The Rapidly Evolving Automated Lab
Thu, 03/11/2010 - 7:50am
Implementing lab automation, robotics, and automated analyses are the easy parts. Integrating these technologies with the next technology level—artificial intelligence, autonomous operation, and android-like interfaces—will take a little more effort. But it will come.
There are various predictions as to when these technologies will become practical implementations and what level they will take. Processing power—a critical element in this evolution—is one of the easier technology trends to predict. A number of futurists expect that computer-based intelligence will rival human intelligence within 30 years, which is about 10 years earlier than what they predicted in 2000—such is the accelerating pace of technology.
Other factors relating to this evolution include Internet bandwidth, price-performance ratios of wireless data devices, magnetic data storage, and random access memories, which are all following similar exponential trend curves.
Materials development trends are another critical element in this evolution, with nanoscale biological systems development currently accelerating in place of non-biological systems. There are some biological system developments taking place in the microprocessing area, but the level and extent is so primitive as to be indeterminate as to its impact on the overall development of analytical systems.
These technology progressions, while individually following exponential trend lines, are mostly evolutionary, not revolutionary, eliminating step function transitions. The recent Pittcon Conference in Orlando, Fla., and LabAutomation Conference in Palm Springs, Calif., exemplified this evolution with new systems touting higher throughput, smaller and portable sizes, and integrated cross-functionalities.
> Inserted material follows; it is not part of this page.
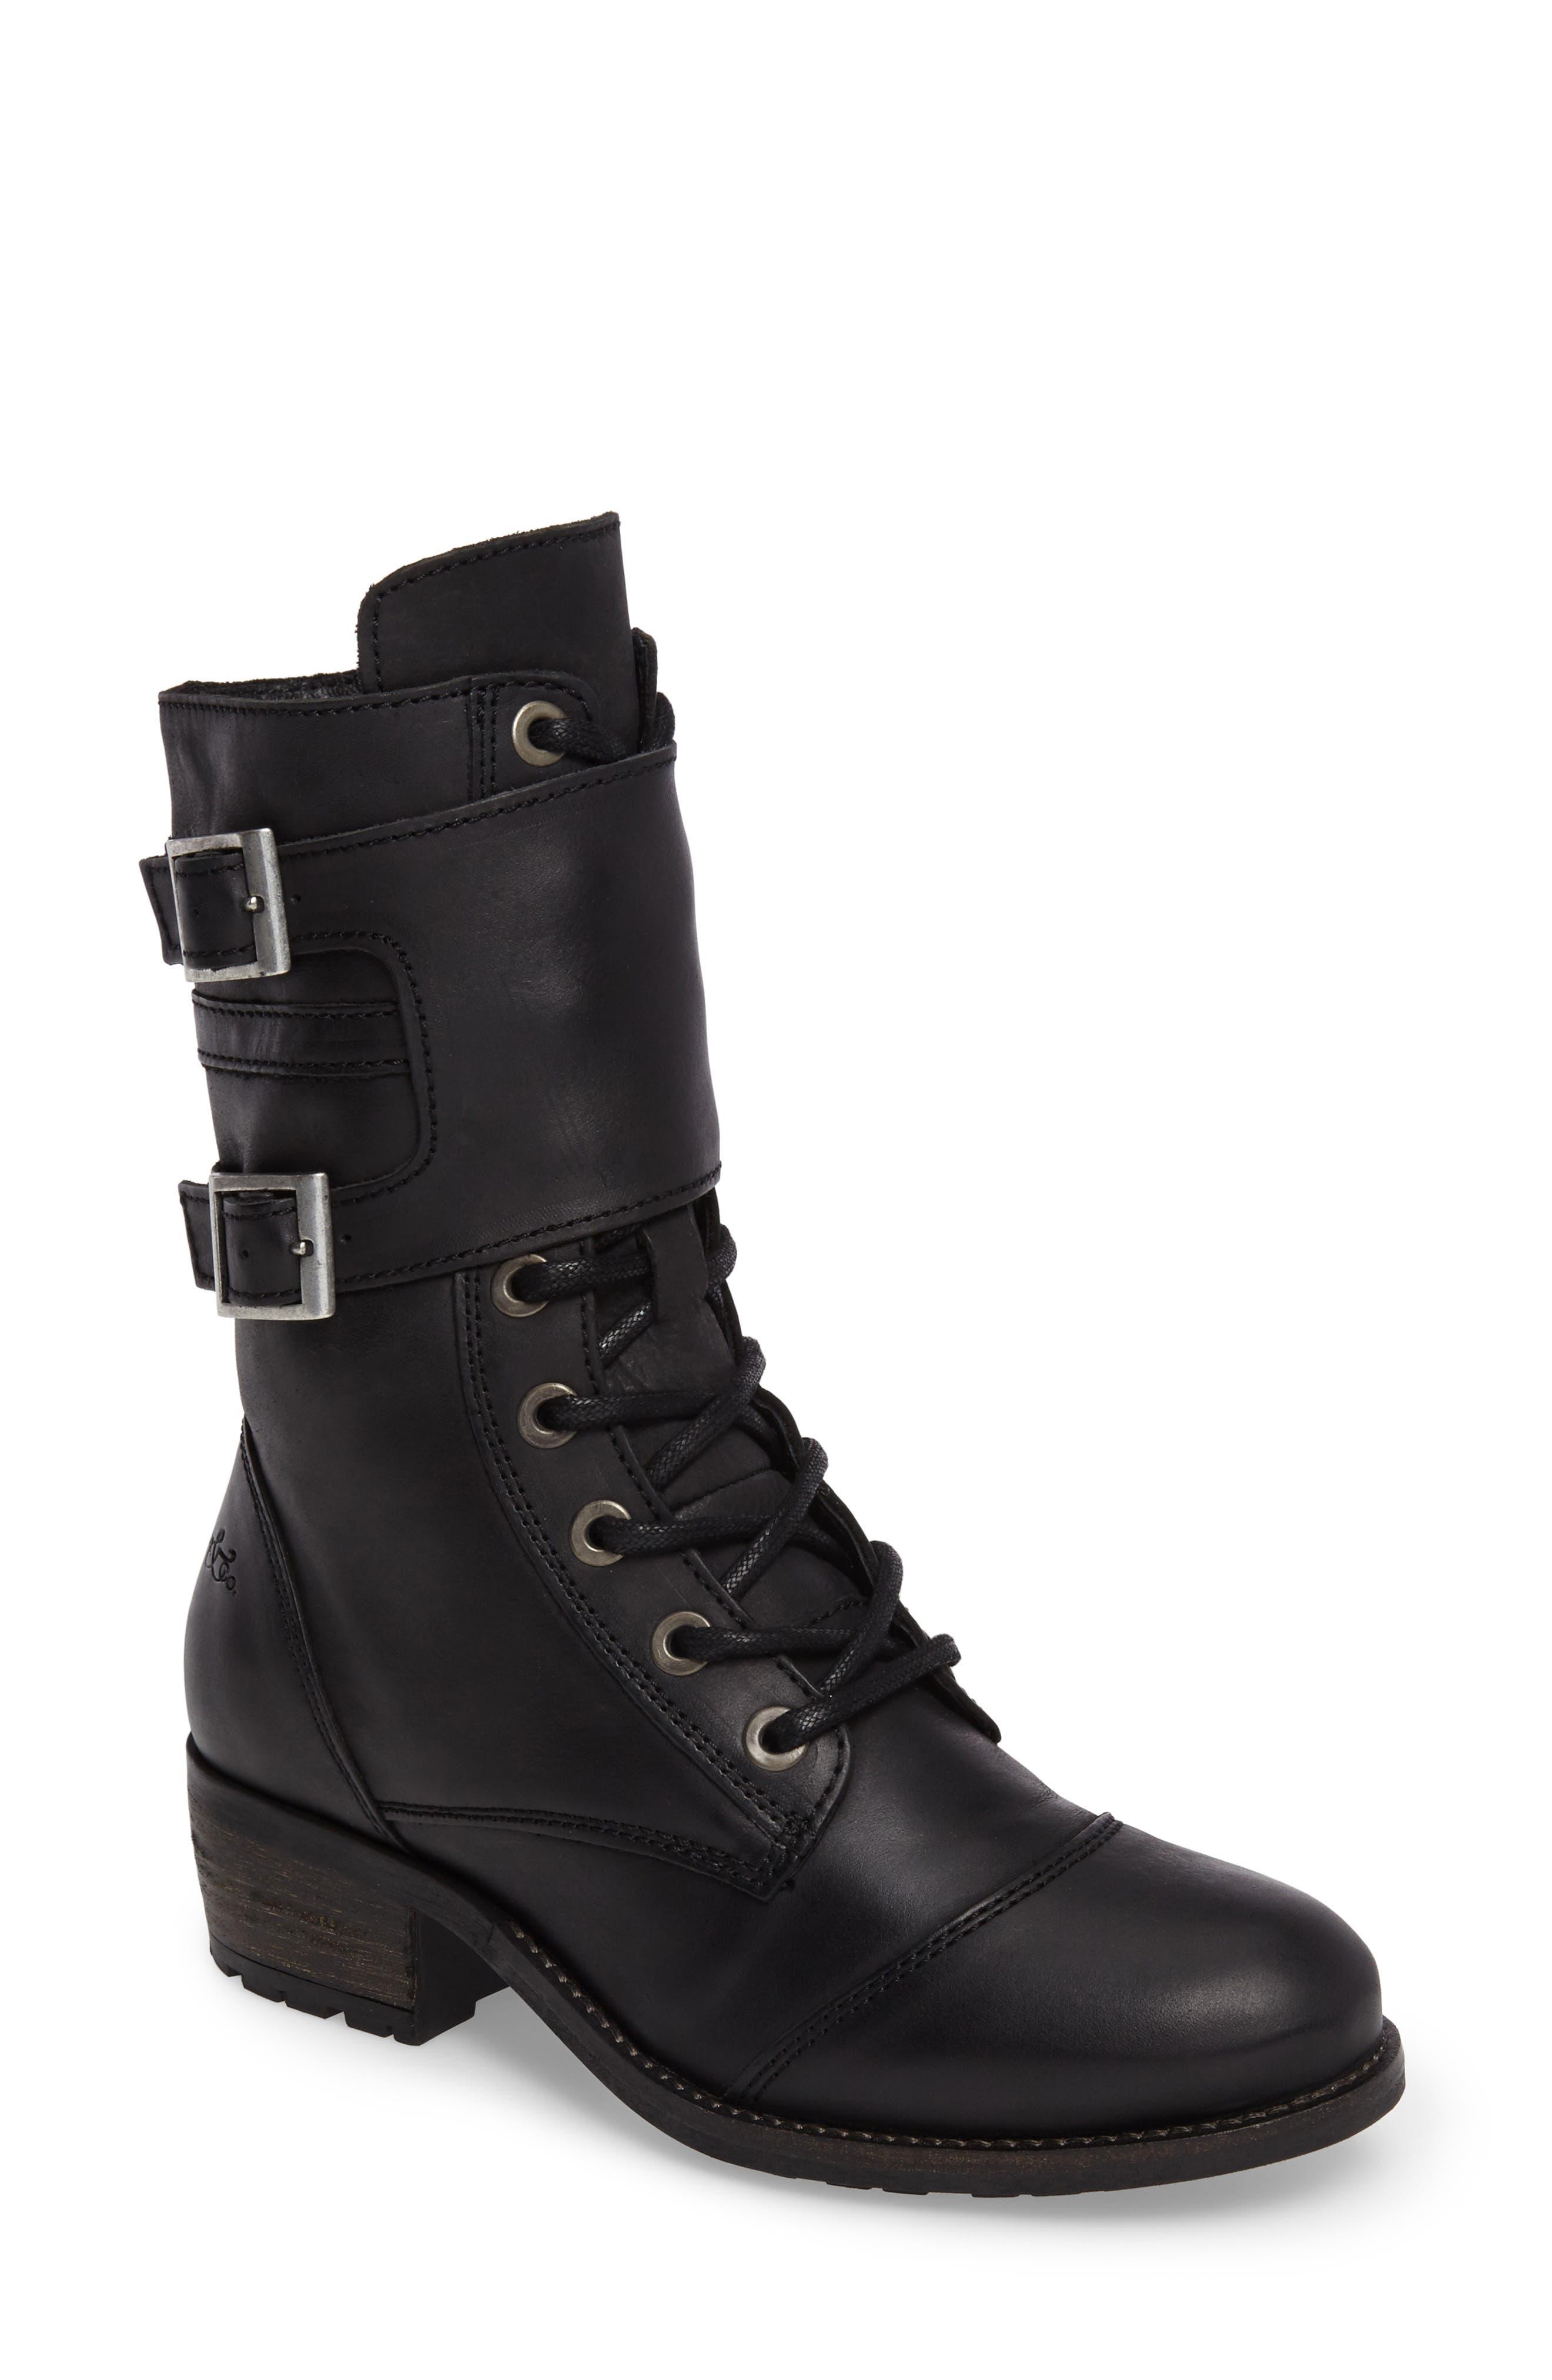 Alternate Image 1 Selected - Bos. & Co. Lune Waterproof Moto Boot (Women)

Some analytical system developers promoted the revolutionary aspect of their development and, indeed, they may be isolated “technology islands” in the overall lab evolution.
One of the specific items noted in many analytical developments is the relationship of “easier-to-use” aspects, which relates to the on-going intelligence being built into analytical instruments. Many of these systems are also starting to have wireless interfaces and the ability to download both raw and processed data to a central collection point automatically.
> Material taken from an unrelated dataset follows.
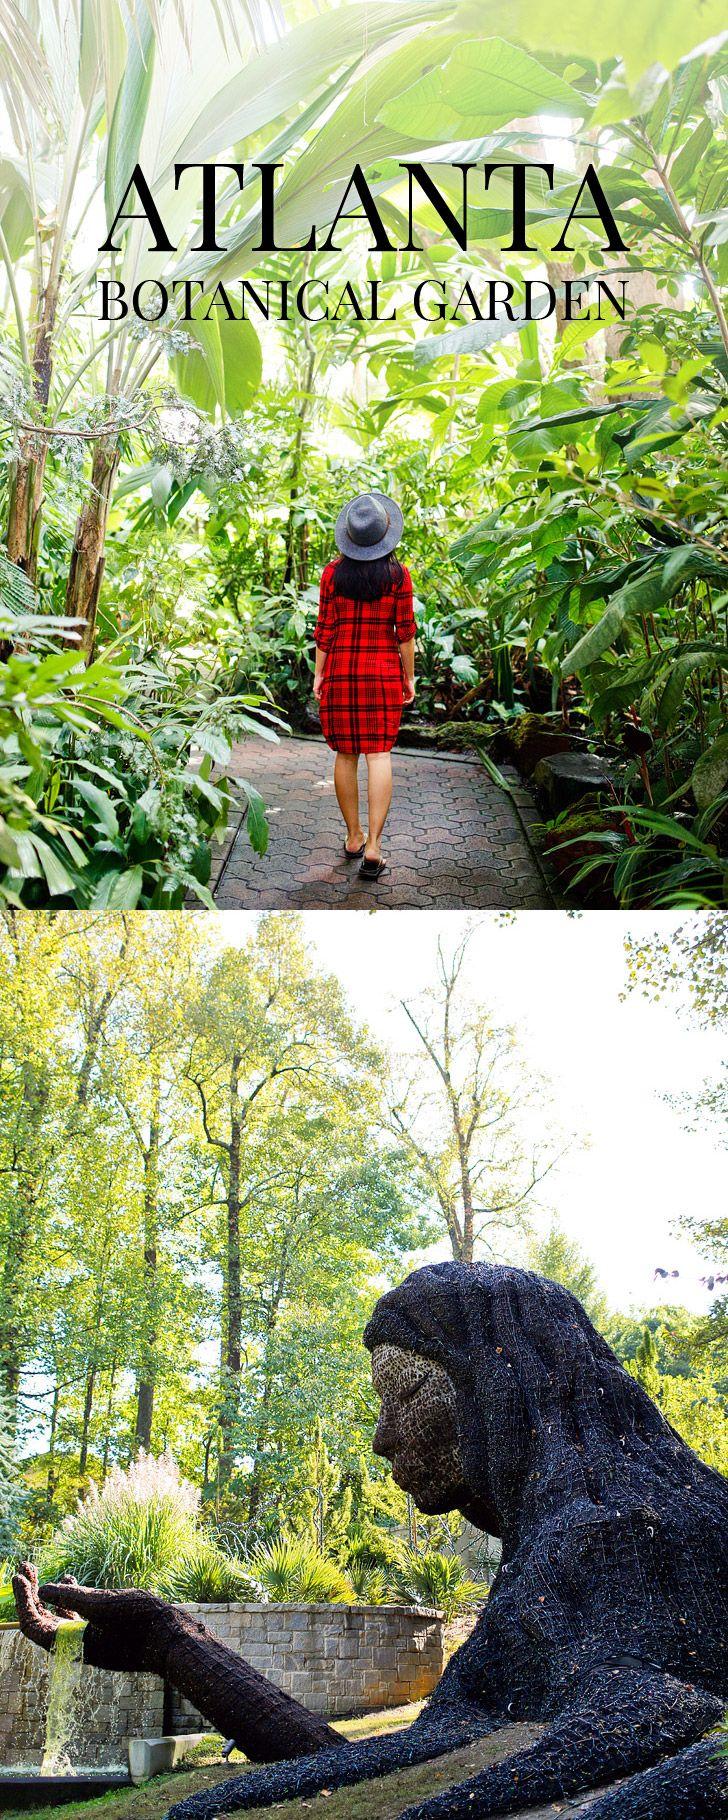 Earth Goddess Living Sculpture at the Atlanta Botanical Garden // localadventurer.com

A number of new systems are slowly being developed and integrated into the overall analytical laboratory schema. These include systems for improving the speed and cost of sequencing DNA data, collecting material information on the nanoscale level, and the rudimentary collection of data on systems biology. These developments are typical evolutionary events that we can continue to expect to see in future technology announcements, both this year and in the future.
In these respects, analytical instruments are both the drivers and the recipients in the evolution of technology development. The net effect on the lab and its staff is a continuing increase in data output and its increasing complexity. ICT (information, computer, telecommunications) systems are similarly improving in performance to handle increasing throughput and bandwidth.
To most researchers, these observations should come as no surprise, but they should be recognized in their overall context, outcomes, and inter-relationships. The lab is becoming more complex and the data more prolific, and the drivers are inherent to the lab itself—they are self-perpetuating and will continue to drive competition between labs.
While “data drives more data” is a relatively easy road to follow for researchers, they must always be cognizant of applying those new technologies (and collected data) to the development of their organization’s products. It will also be the researchers’ duty to implement these evolving analytical systems into their research
environments as quickly and as cost-effectively as possible.
Obviously with these scenarios, researchers’ jobs will continue to grow in complexity, responsibility, and knowledge requirements. Researchers are only human. They can effectively absorb only so much information and will increasingly have to rely on the advanced tools becoming available to assist them in their jobs—which puts us right back to where we started this discussion.